Anbauverbote sind für die Zukunft fatal

Das Europäische Parlament hat Anfang Januar einen Kompromisstext angenommen, der es den Mitgliedstaaten erlaubt, Anbauverbote für gentechnisch veränderte Pflanzen innerhalb ihres Hoheitsgebiets zu erlassen. Die Bottroper Europaabgeordnete Dr. Renate Sommer (CDU) kritisiert jetzt diese Entscheidung. Nationale Anbauverbote widersprächen der wissenschaftlichen Basis für den Umgang mit GVO in der EU und verletzten das Prinzip des Binnenmarktes.

„Wir haben in der EU die weltweit strengsten Kriterien für die Zulassung und den Anbau gentechnisch veränderter Lebens- und Futtermittel“, erklärt sie und weist auf strenge Kontrollen und Abstandsregeln in der EU hin. Wenn Mitgliedstaaten jetzt dennoch den Anbau von genveränderten Pflanzen verbieten könnten, würden wissenschaftliche Grundsätze und das Prinzip des Binnenmarktes verletzt, so Sommer.

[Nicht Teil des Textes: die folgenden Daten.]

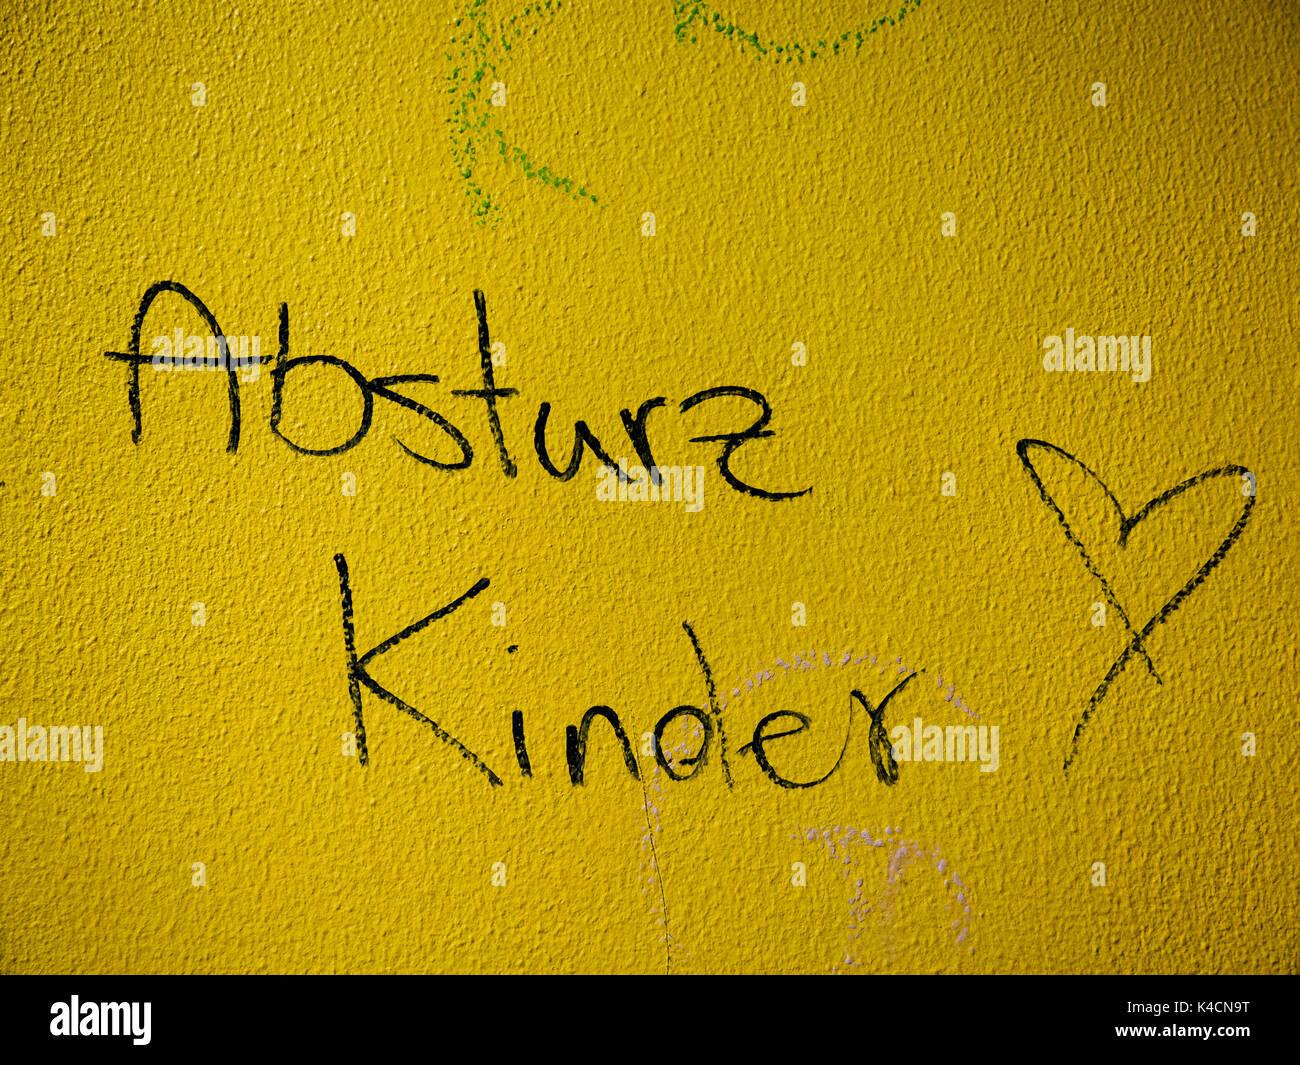 La cultura giovanile, Graffiti Società di confine, infanzia Immagini Stock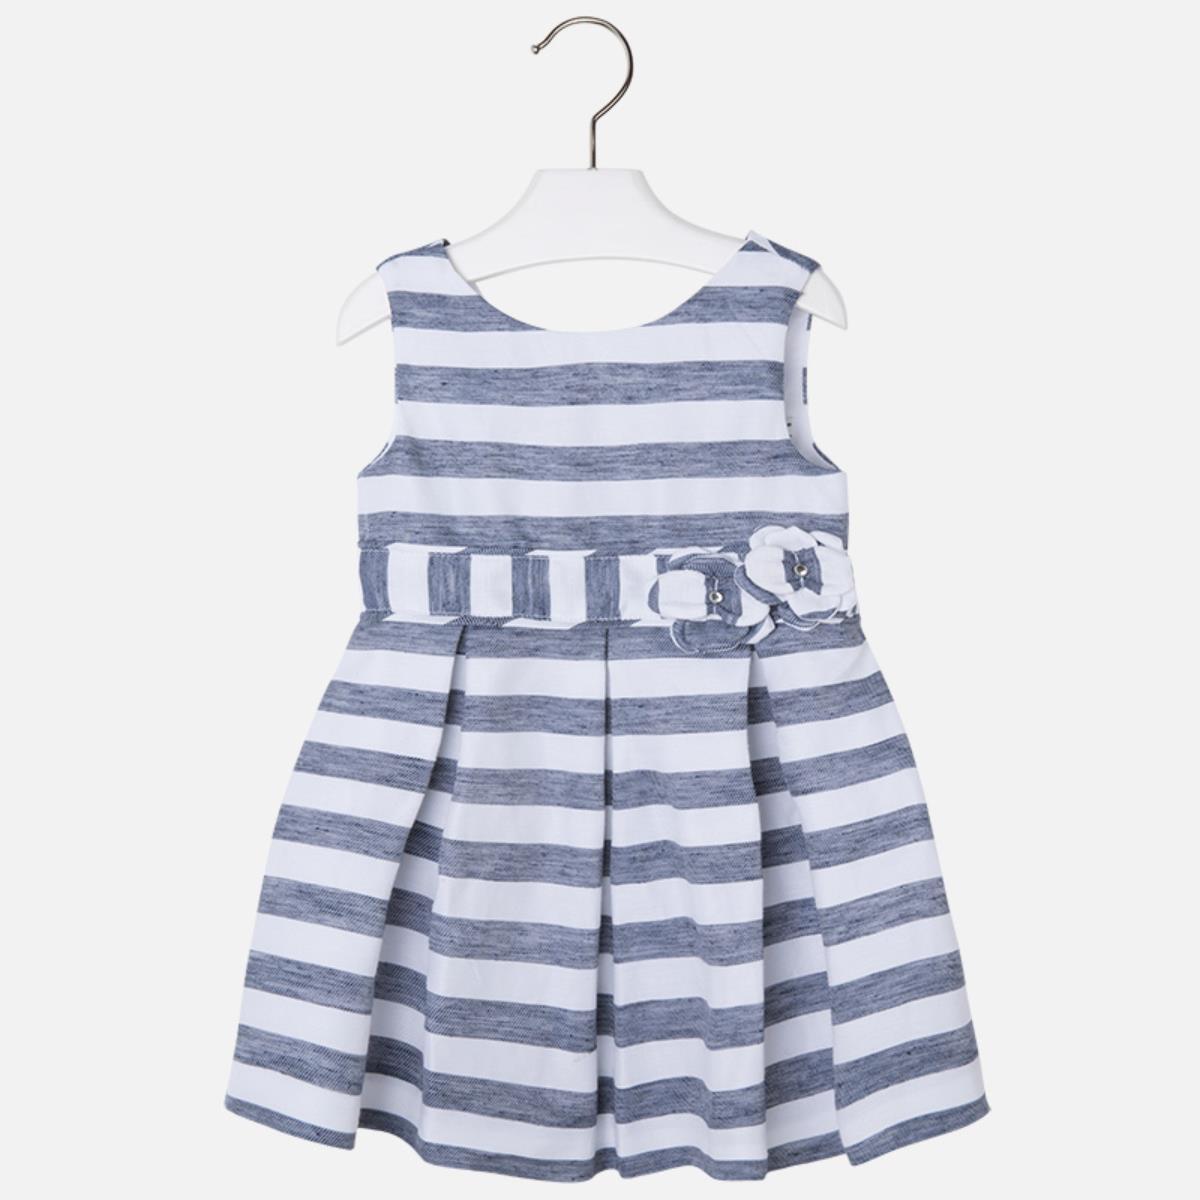 comprare sezione speciale vendita più economica Mayoral on line |Acquista Abbigliamento Mayoral Vestiti ...

Für den Forschungs- und Entwicklungsstandort Europa sei diese Entscheidung fatal, denn auch Forschungstätigkeiten könnten mit dem Anbauverbot verboten werden. Dabei sei die Grüne Gentechnologie eine der Zukunftstechnologien. Im übrigen sei Europa längst abhängig von gentechnisch veränderten Futtermitteln aus Amerika.